ACTIVITY
Beginning with the line that has "Serbia 2009 Mint Set.jpg" and ending with the line that has "jingyuqin 2/3Button Smart", retype the entries below exactly, except for the pictures.

PROVIDED RECORDS
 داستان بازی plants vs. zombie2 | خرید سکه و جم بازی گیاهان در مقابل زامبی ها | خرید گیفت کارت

---

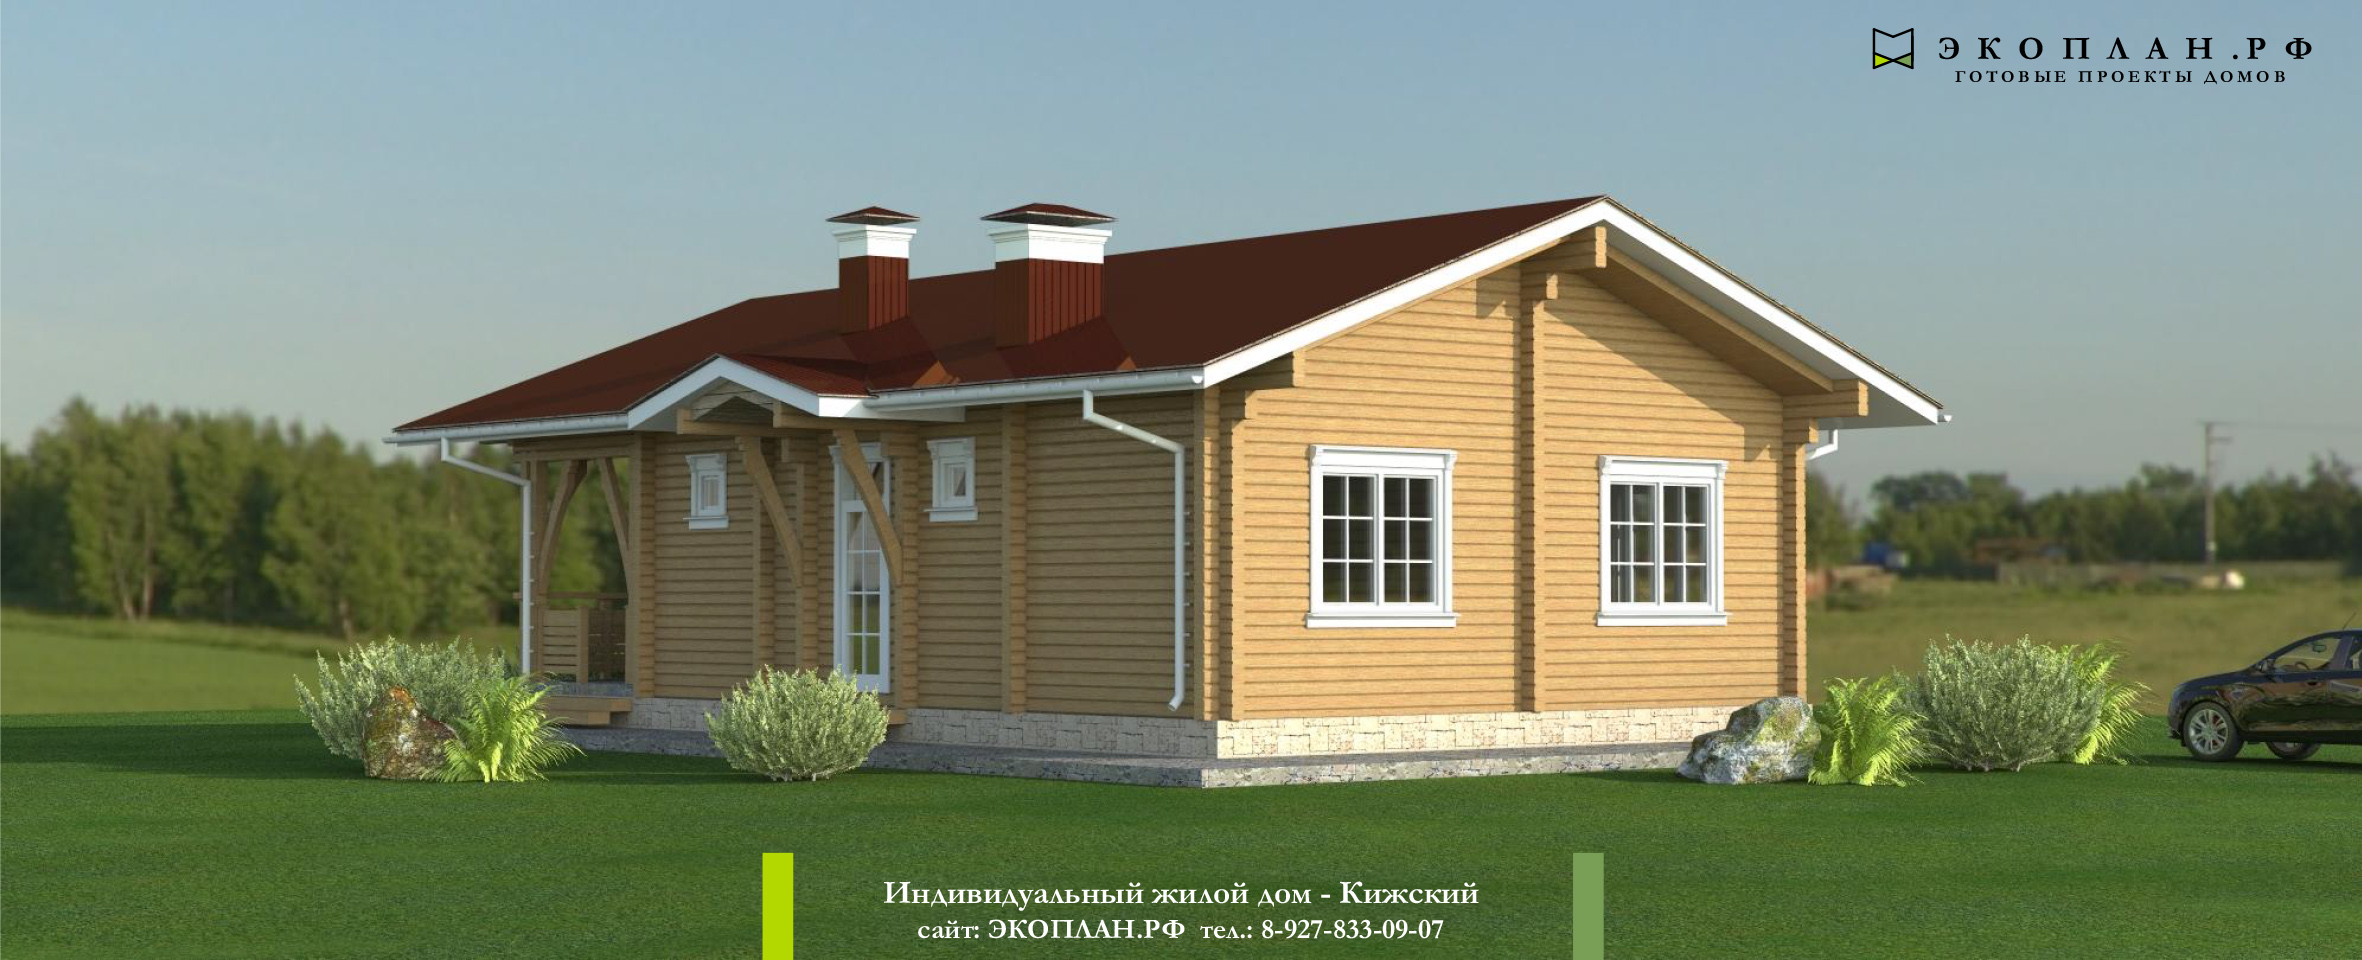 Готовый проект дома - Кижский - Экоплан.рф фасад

* * *

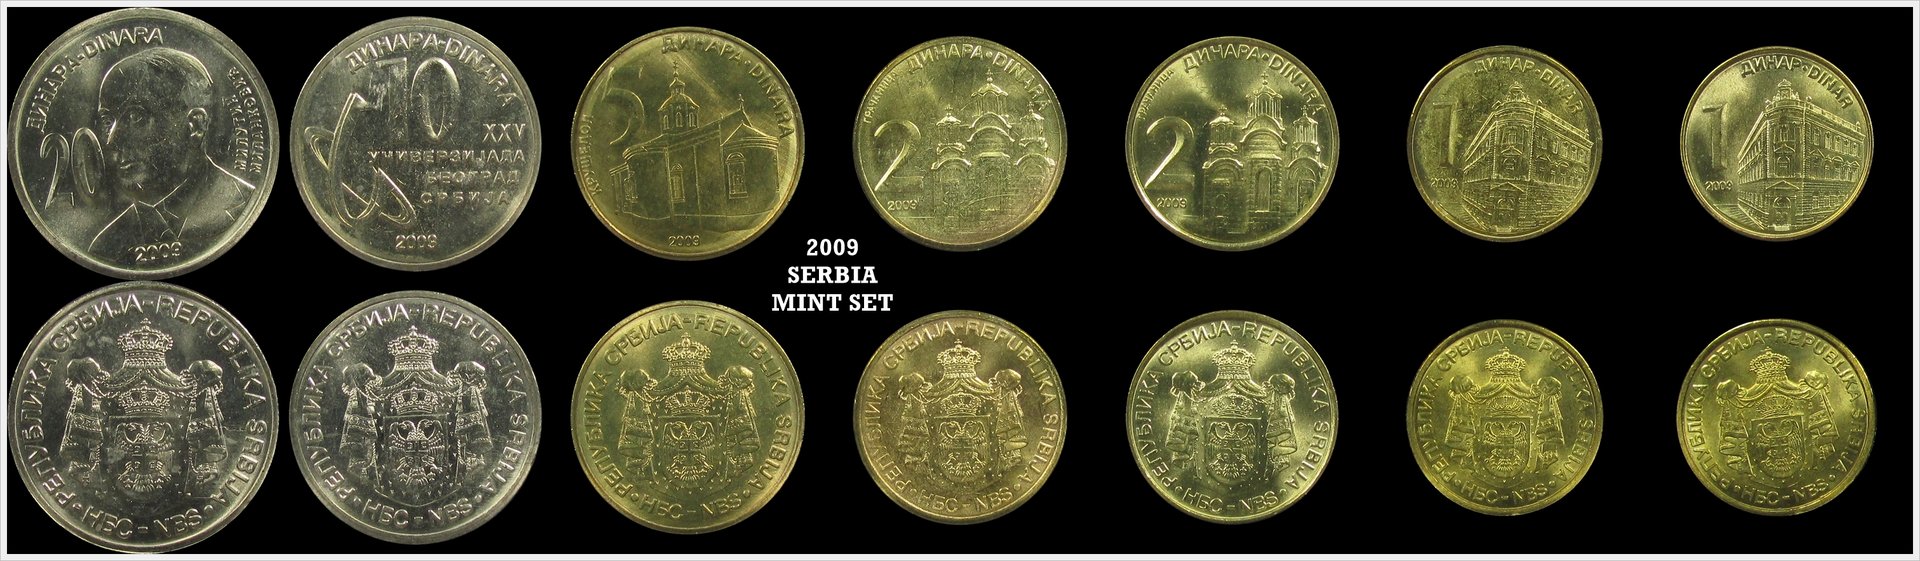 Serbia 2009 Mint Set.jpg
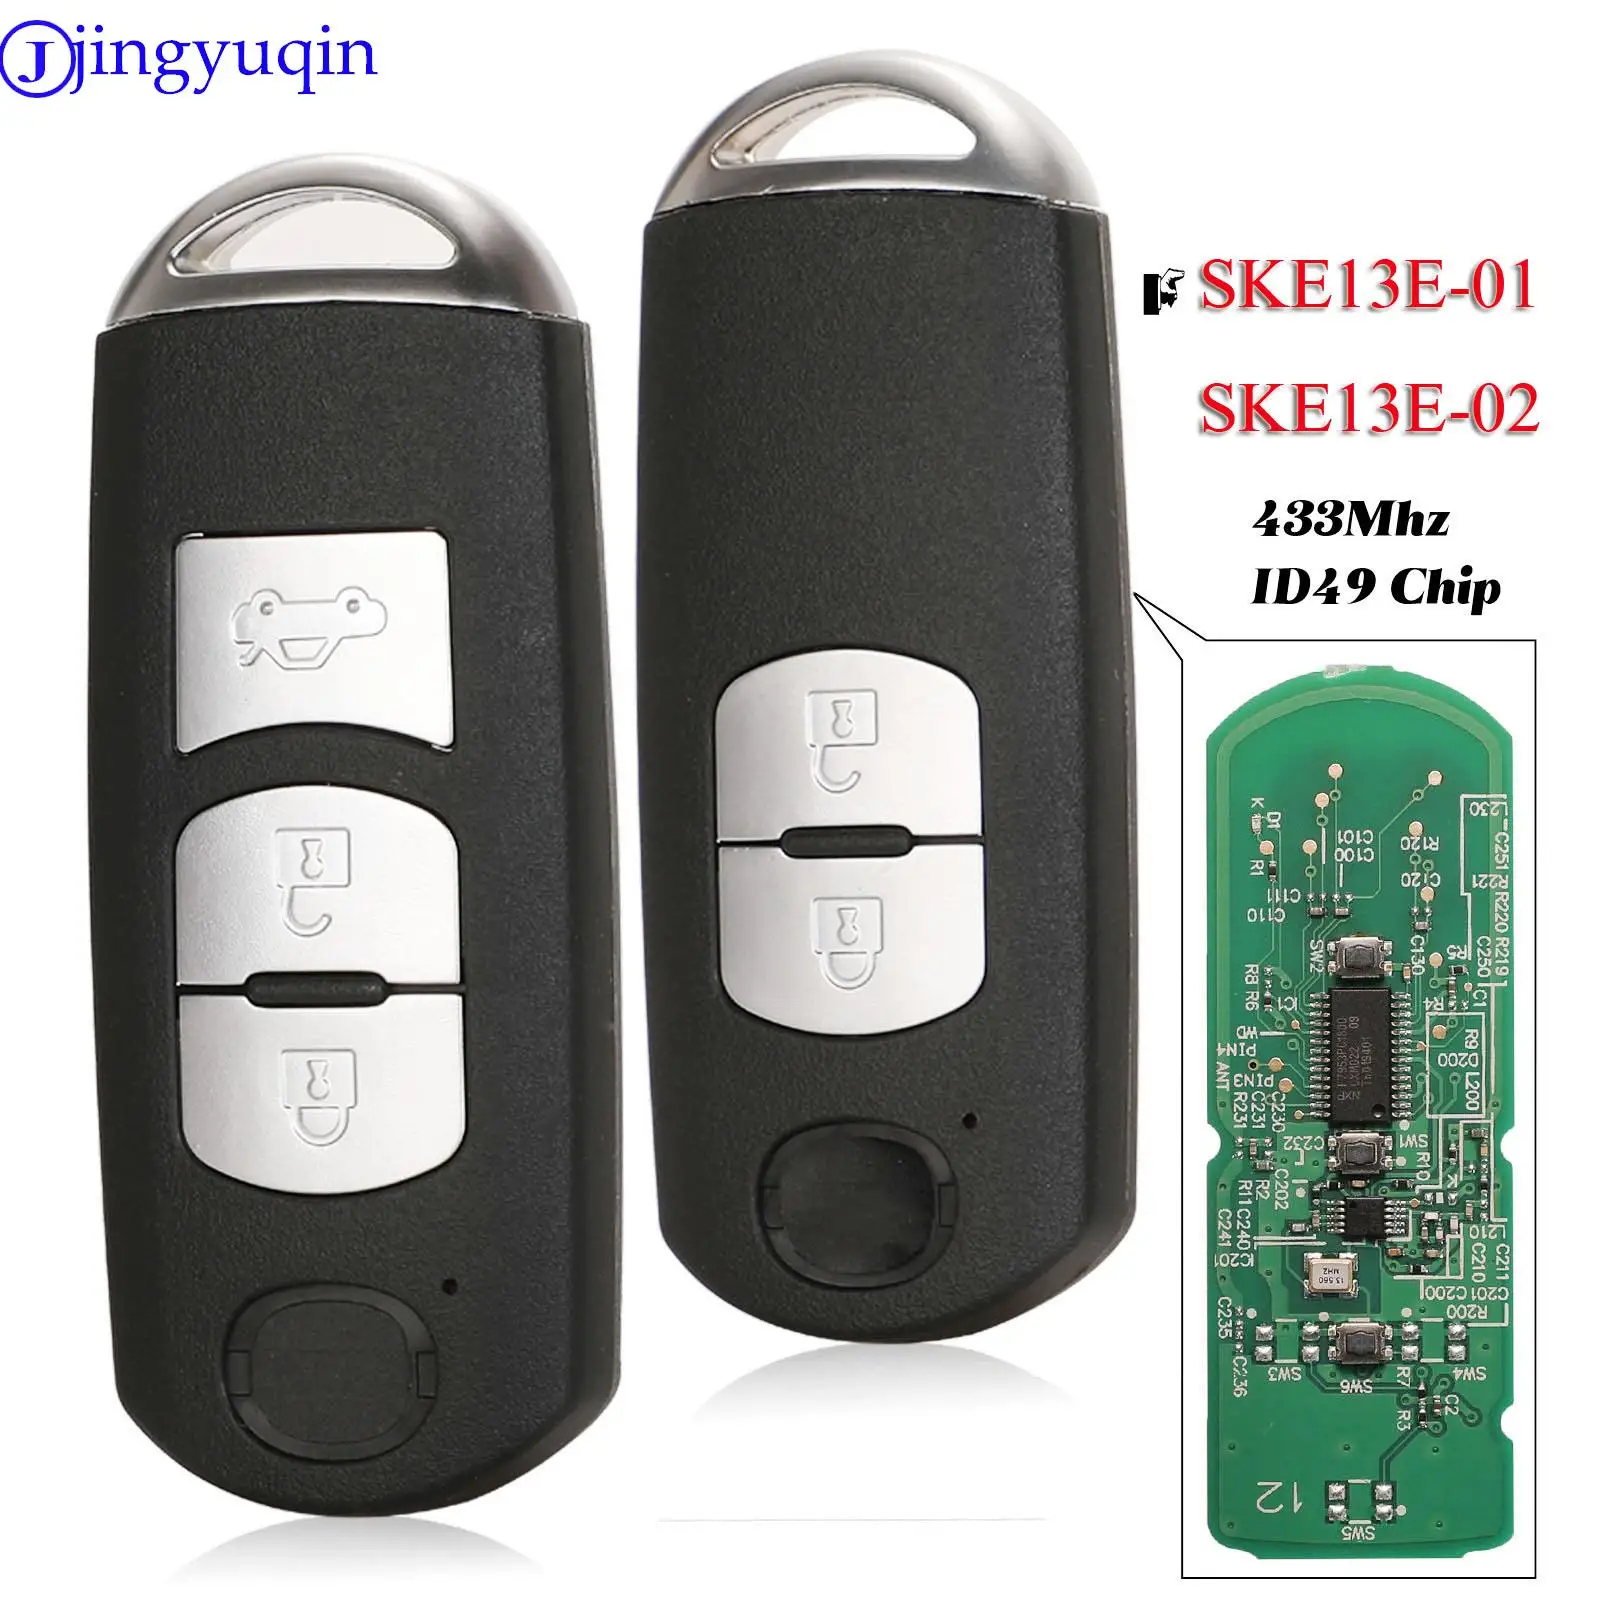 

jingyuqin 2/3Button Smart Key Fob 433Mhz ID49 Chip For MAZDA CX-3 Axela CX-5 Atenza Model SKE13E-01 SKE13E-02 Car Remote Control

RESULT FOR THIS TASK
 Serbia 2009 Mint Set.jpg

jingyuqin 2/3Button Smart Key Fob 433Mhz ID49 Chip For MAZDA CX-3 Axela CX-5 Atenza Model SKE13E-01 SKE13E-02 Car Remote Control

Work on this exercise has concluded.